In 2013, New Jersey passed the The New Jersey Economic Opportunity Act (EOA). This act is a consolidation of five state economic tax credit programs into two, the Grow New Jersey Assistance Program and the Economic Redevelopment and Growth Grant Program. It allowed New Jersey to offer competitive financial incentive packages in order to attract development in smart growth areas in the state. The attraction of companies through the New Jersey Economic Opportunity Act was meant to result in the mutually beneficial redevelopment of public spaces, and increase in job availability and the employment of their residents, the introduction of healthier options for those residents by healthier food companies in food deserts, and the boost of the tourism sector from this redevelopment of infrastructure. The companies would benefit from the assistance given and the business gained, and the areas redeveloped would reap the benefits of those redevelopments.
Unfortunately, this exchange has not gone the way it was intended, and New Jersey has found itself with the short end of the stick. New Jersey’s plan was to offer overly generous corporate tax subsidies in order to encourage companies to relocate and develop infrastructure in New Jersey. The offering of generous corporate tax subsidies and the lax implementation of oversight safeguards, as well as the lack of caps on monetary awards, resulted in companies taking advantage of what seemed to be New Jersey’s fountain of subsidies, and then reneging on their deal, or only fulfilling a portion of the agreement between the state and their company.
This bait and switch between companies and New Jersey has resulted in ineffective results in New Jersey’s economic development. After being given the subsidies to build new infrastructure or relocate to a new location, rather than doing so, and creating new jobs and development opportunities for residents, companies simply move workers to different locations in New Jersey, or after receiving subsidies from New Jersey, they move to another state, taking the subsidies, and the employment with them, while leaving New Jersey to shoulder the added economic impact of them leaving and the wasting of subsidies.

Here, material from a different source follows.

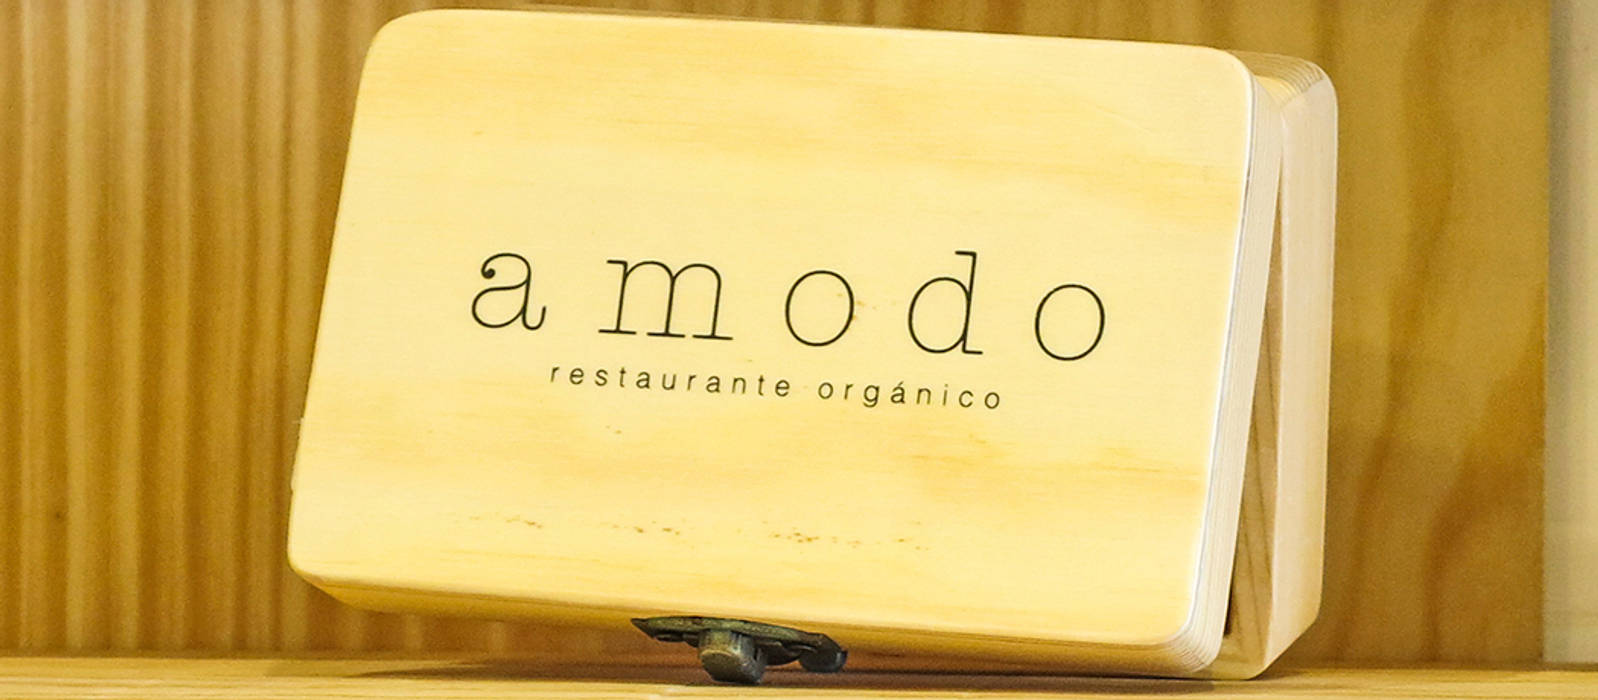 Amodo Restaurante Organico, ADC Espacios ADC Espacios Commercial spaces Gastronomy

Currently, companies such as PSE&G are pushing for even more nuclear subsidies than they need, and they have taken drastic measures such as threatening to close nuclear plants in the state if they are not obliged. In my opinion, their actions can be compared to blatant robbery and bullying on a grander scale. Many suggestions have been made by experts that New Jersey cut out the middle man, which would be the companies and implement the necessary redevelopment strategies themselves, that they place hard caps on award amounts with shorter award timeframes, demand stricter evaluations, require reporting from companies, and more.